━━━━━ EXERCISE MATERIALS

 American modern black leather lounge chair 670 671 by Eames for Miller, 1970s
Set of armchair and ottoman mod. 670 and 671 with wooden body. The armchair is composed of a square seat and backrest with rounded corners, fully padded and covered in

━━━━━━━━━━
━━━━━ EXERCISE MATERIALS

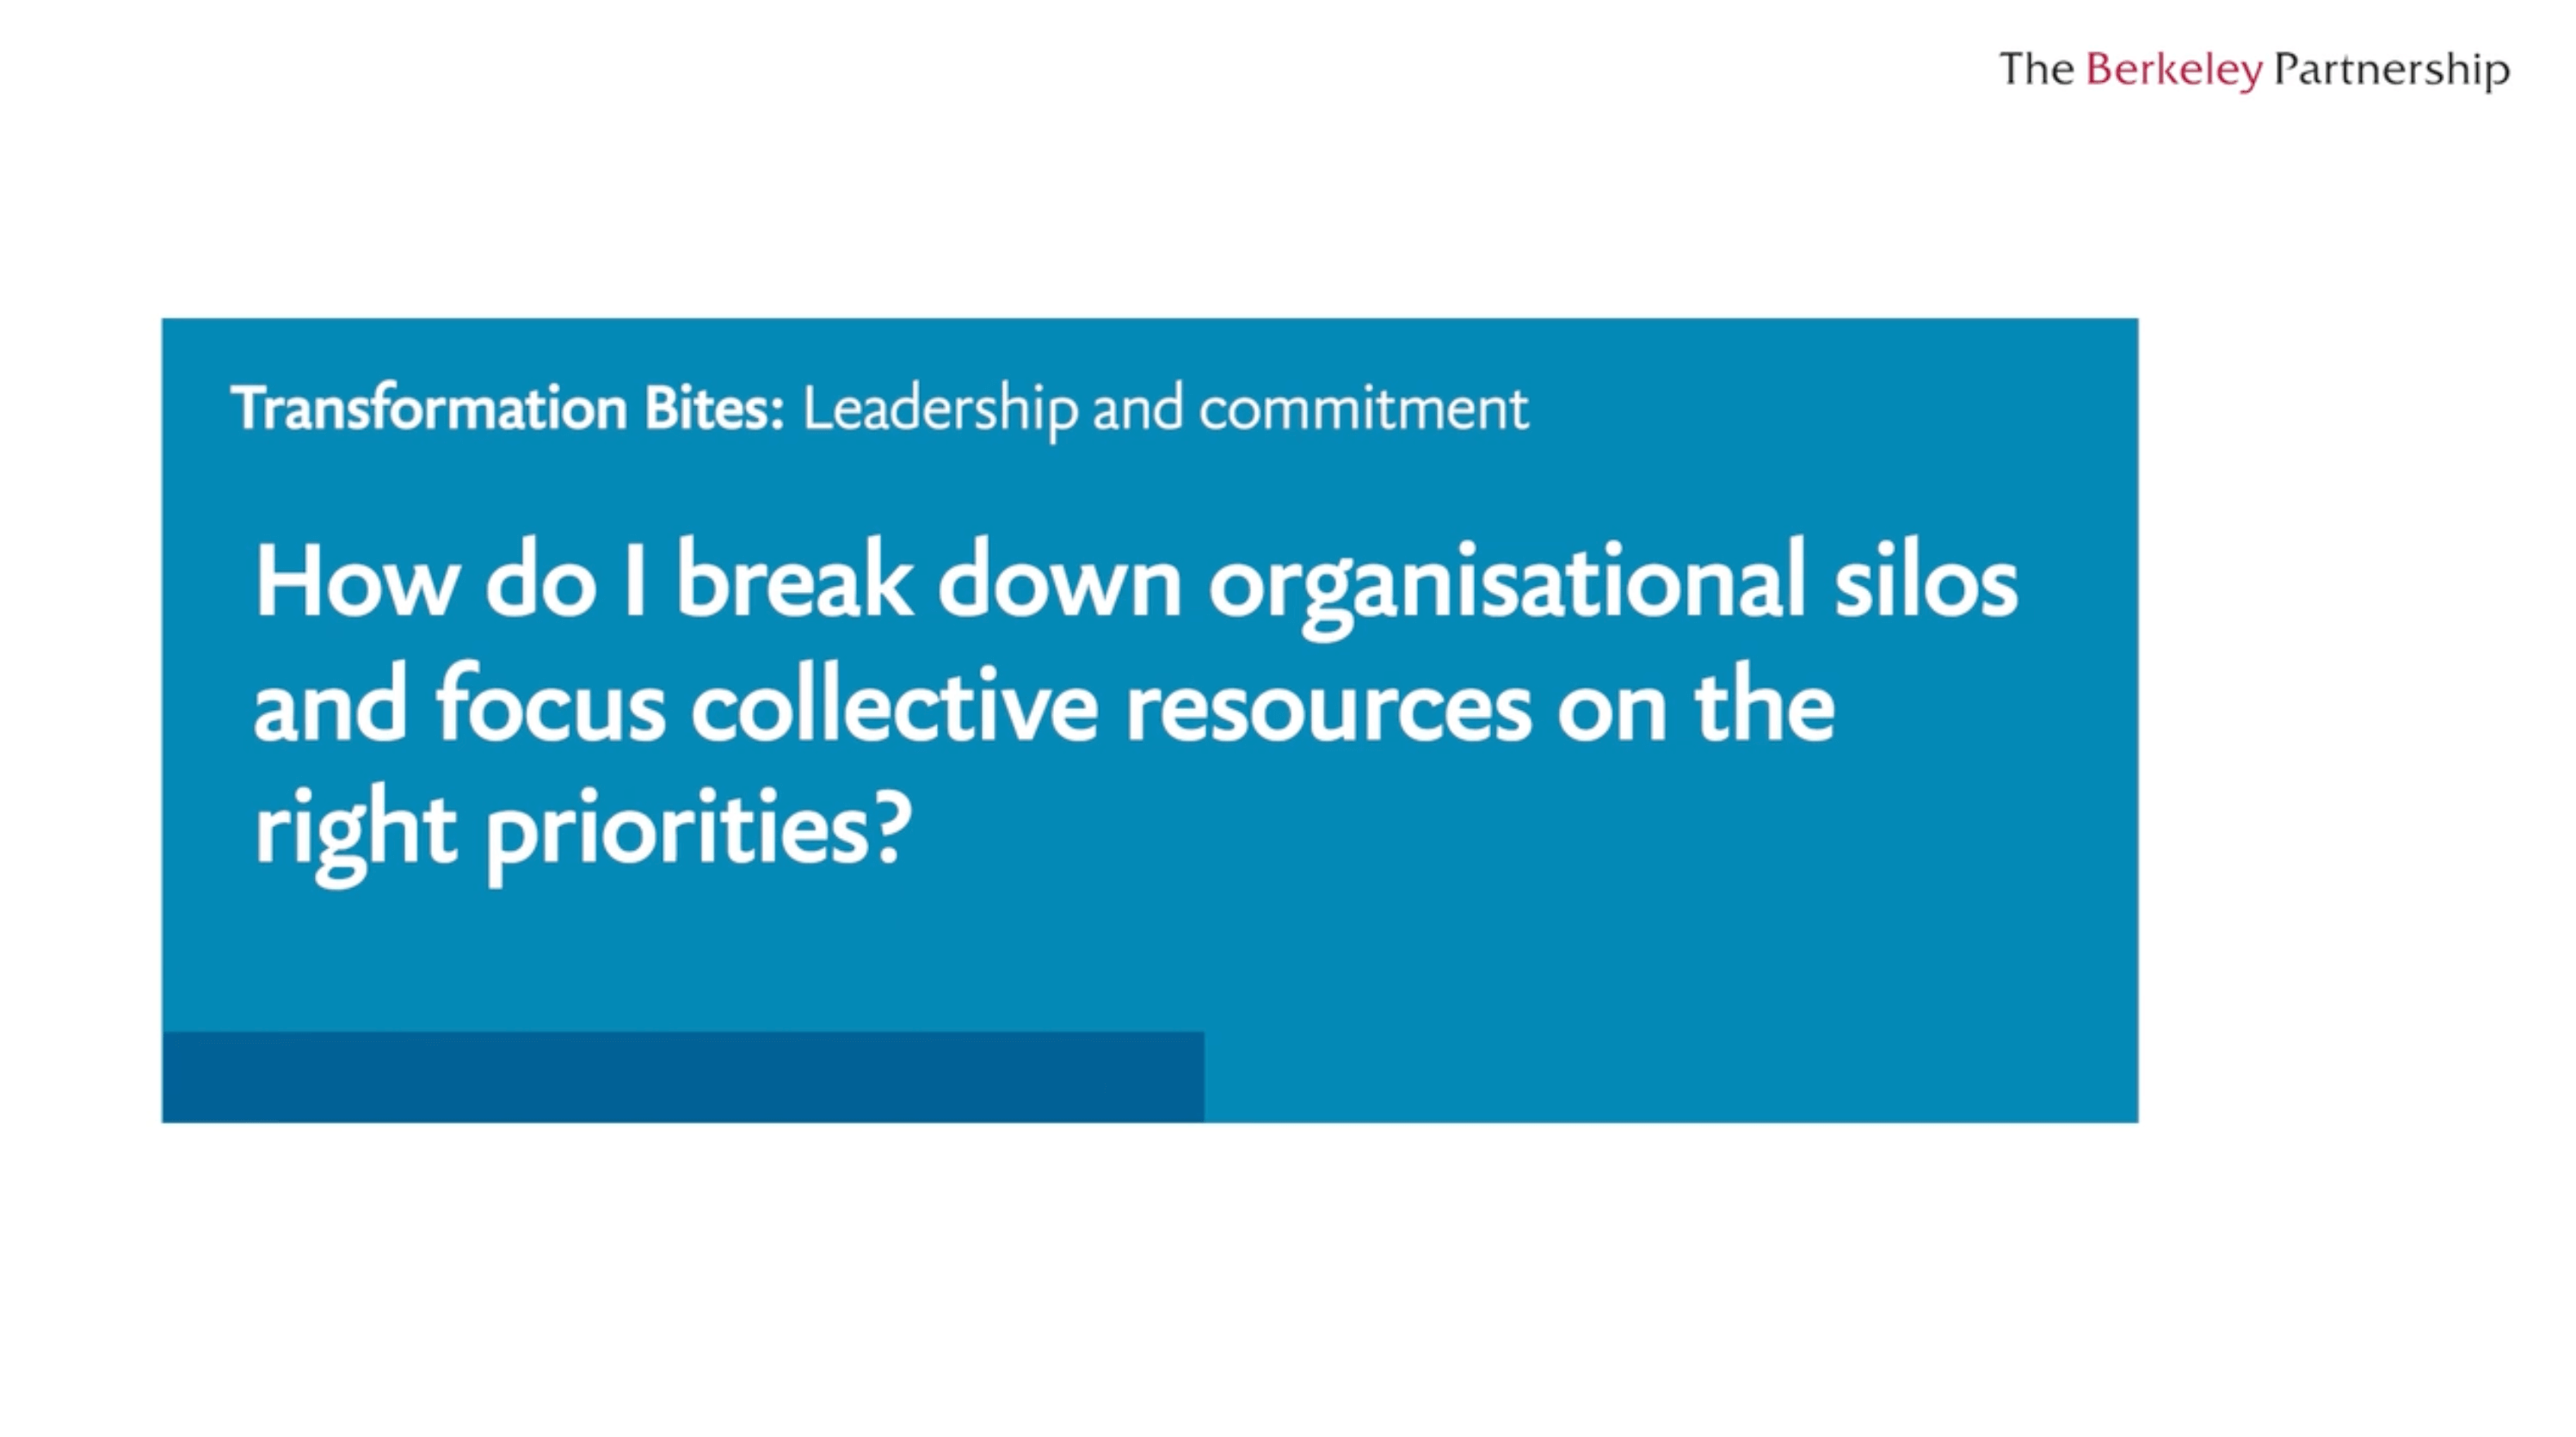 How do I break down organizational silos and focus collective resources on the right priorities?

━━━━━━━━━━

▶ **DESCRIPTION OF THE TASK**
Using only the listing above, restate exactly the lines from the line containing "American modern black" through the line containing "Set of armchair", both included.

▶ **WRITTEN SOLUTION**
 American modern black leather lounge chair 670 671 by Eames for Miller, 1970s
Set of armchair and ottoman mod. 670 and 671 with wooden body. The armchair is composed of a square seat and backrest with rounded corners, fully padded and covered in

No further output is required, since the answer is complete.